**Instructions for the task**
Everything from the line that contains "Kitchen Craft Mechanická" through the last line below should be transcribed exactly, except the pictures.

**Data extract**
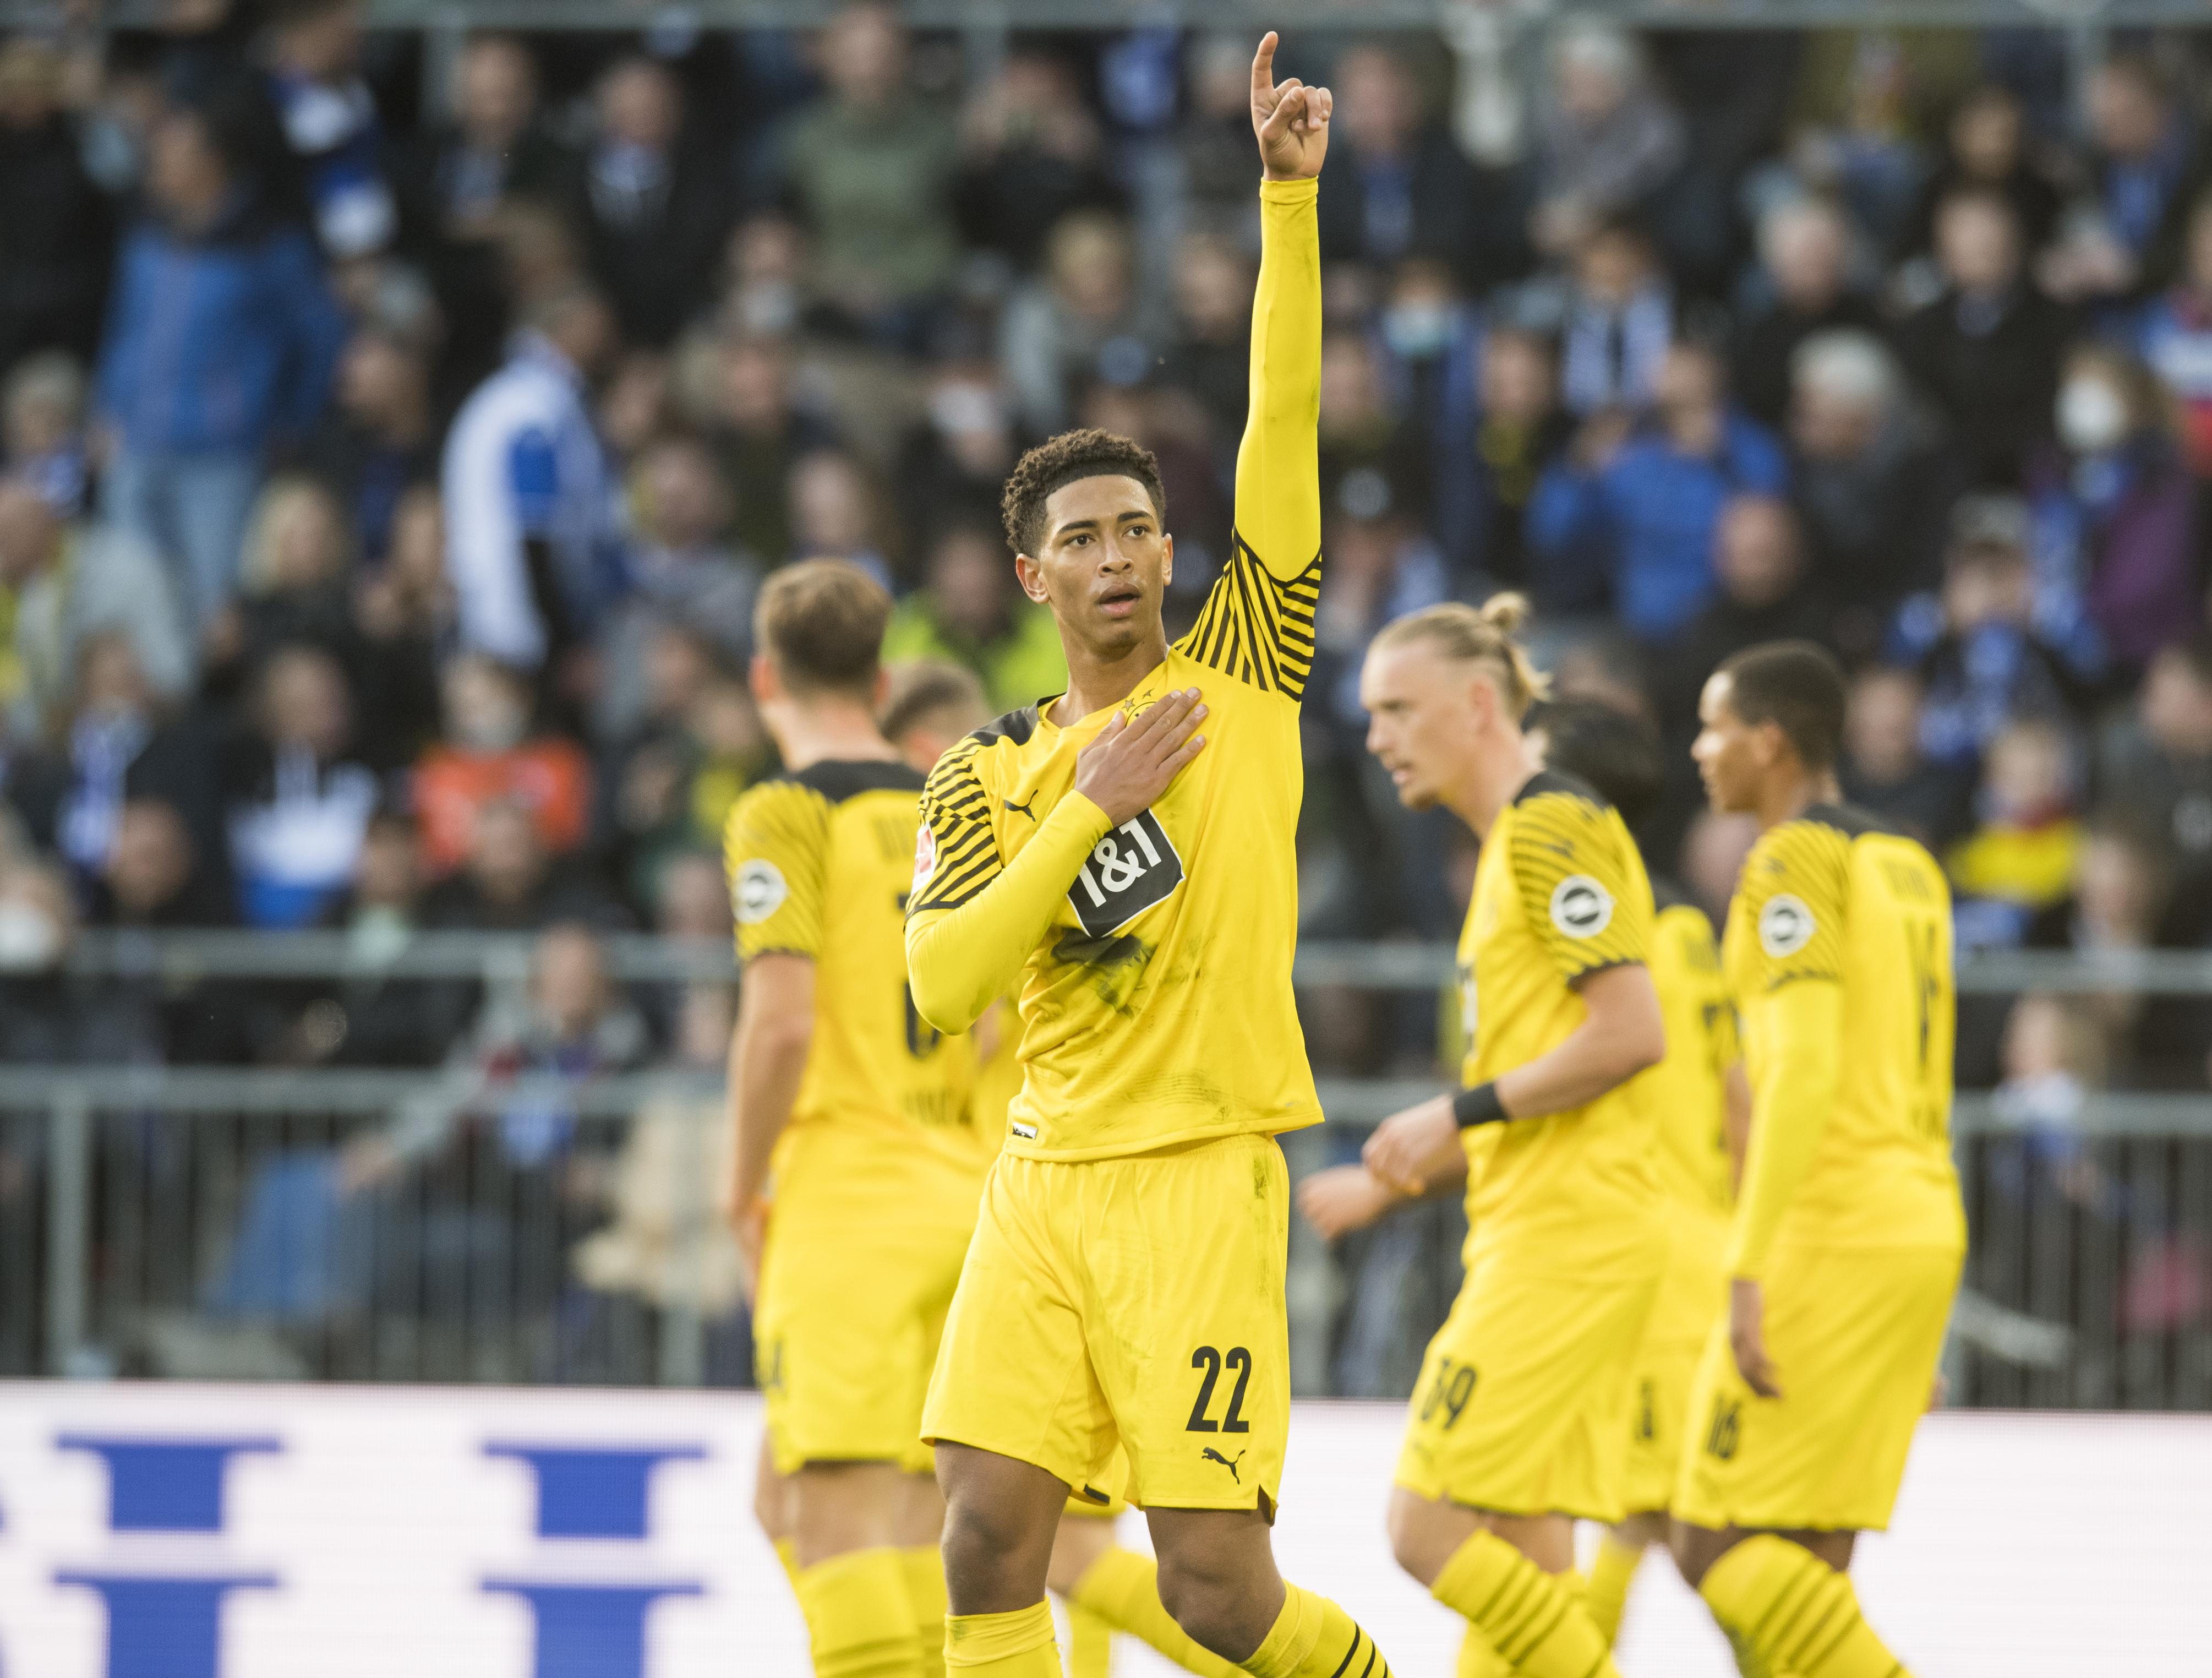 DSC Arminia Bielefeld v Borussia Dortmund - Bundesliga
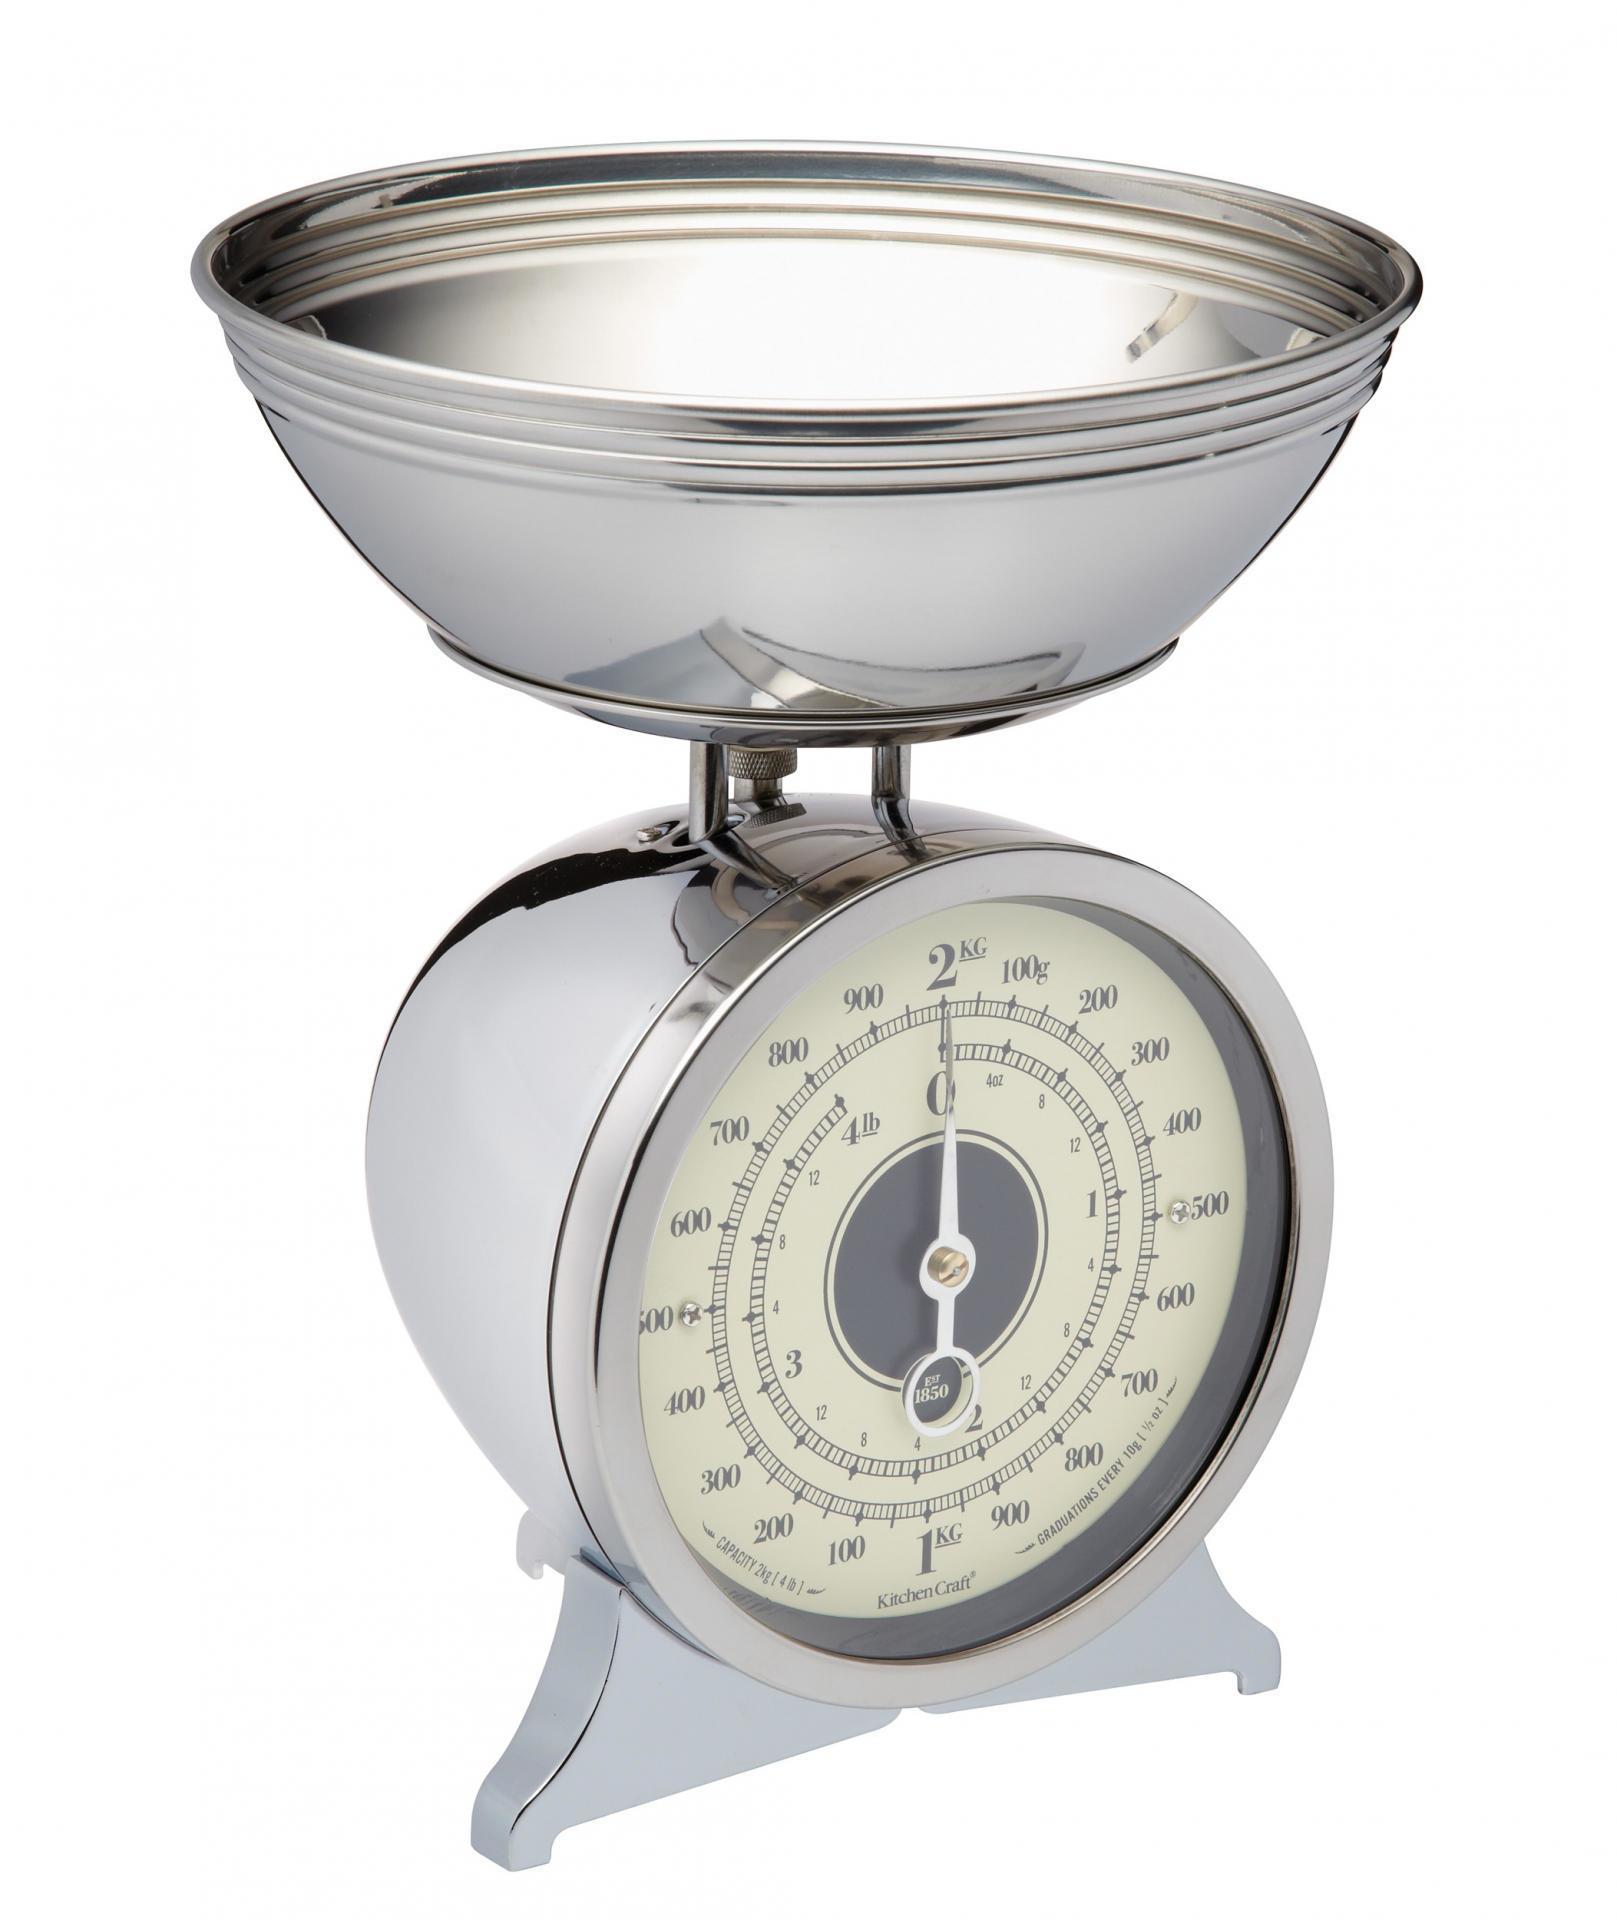 Kitchen Craft Mechanická kuchyňská váha Chrome - 2 kg, stříbrná barva, kov
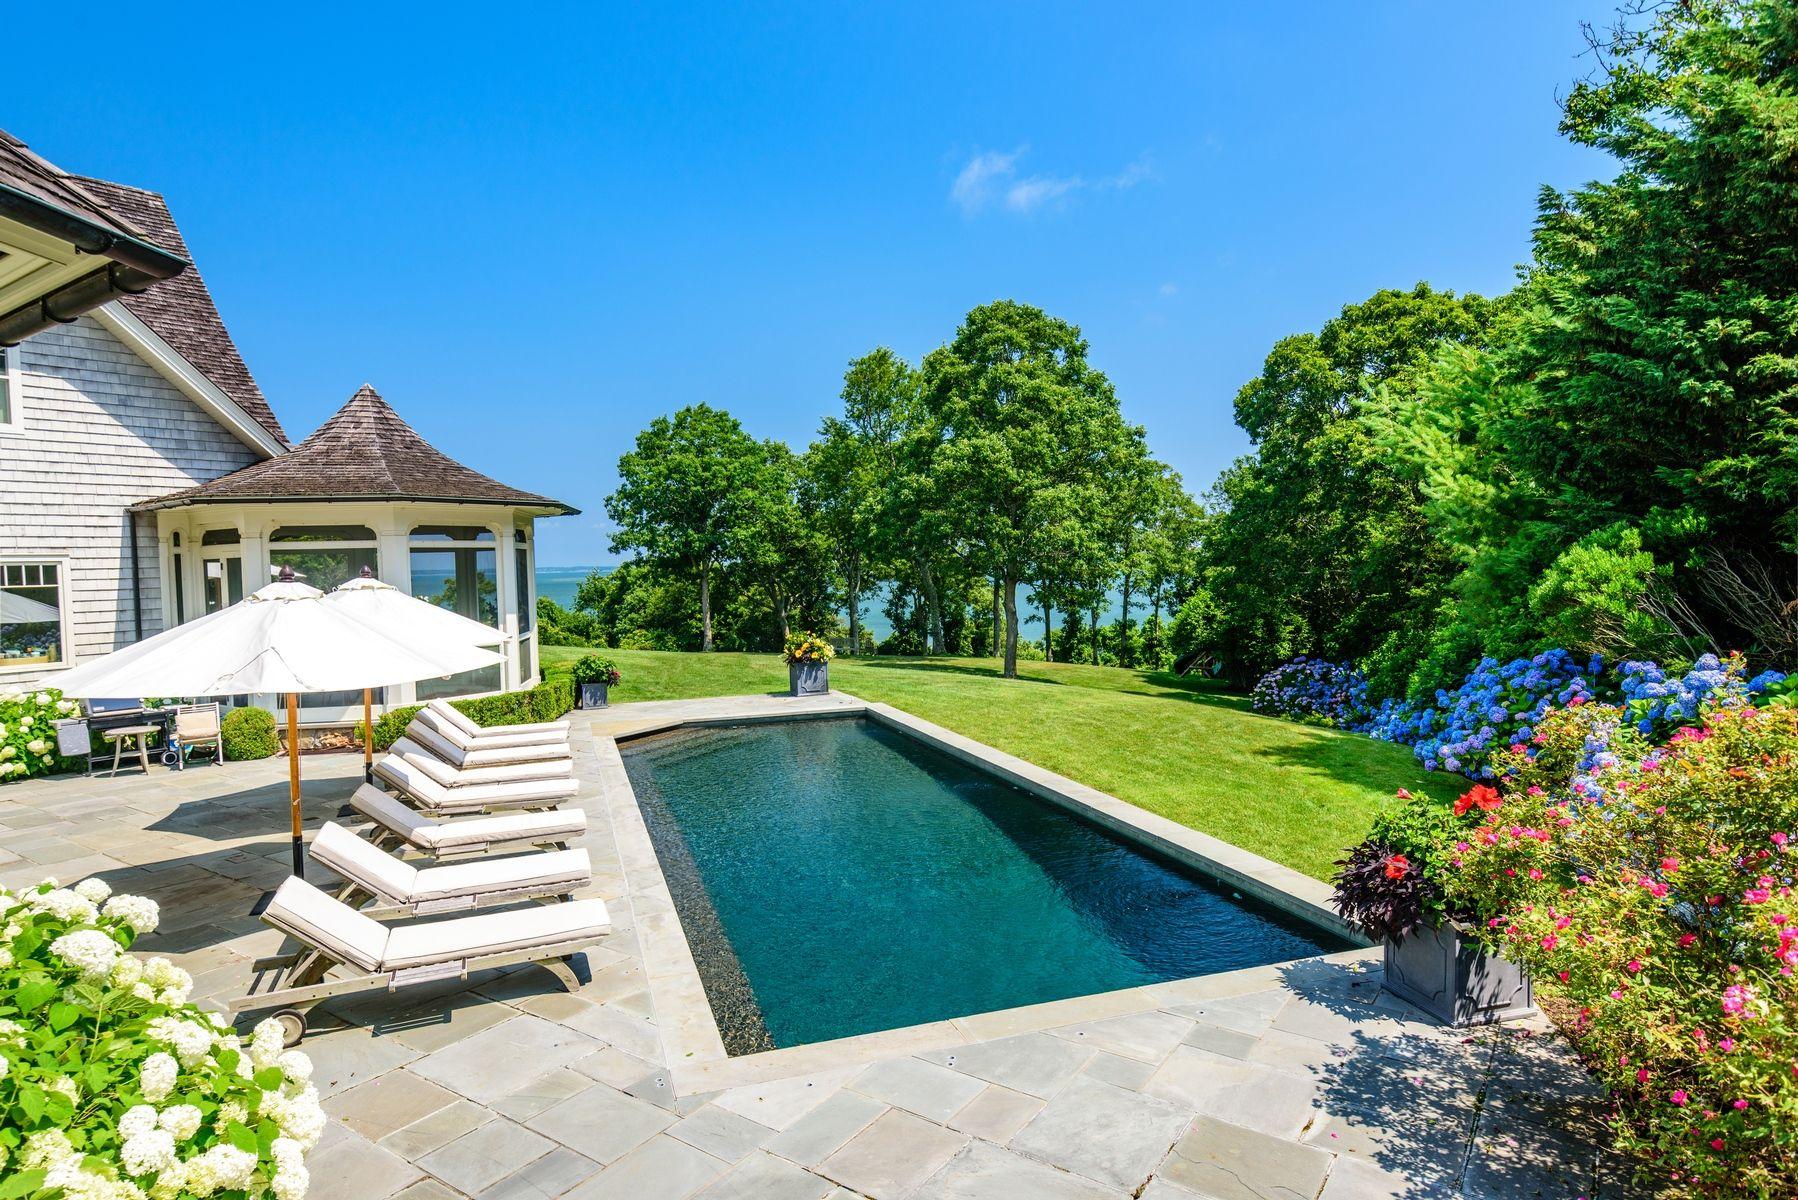 harvey weinstein lists hamptons home pool

**Output of the exercise**
 Kitchen Craft Mechanická kuchyňská váha Chrome - 2 kg, stříbrná barva, kov
 harvey weinstein lists hamptons home pool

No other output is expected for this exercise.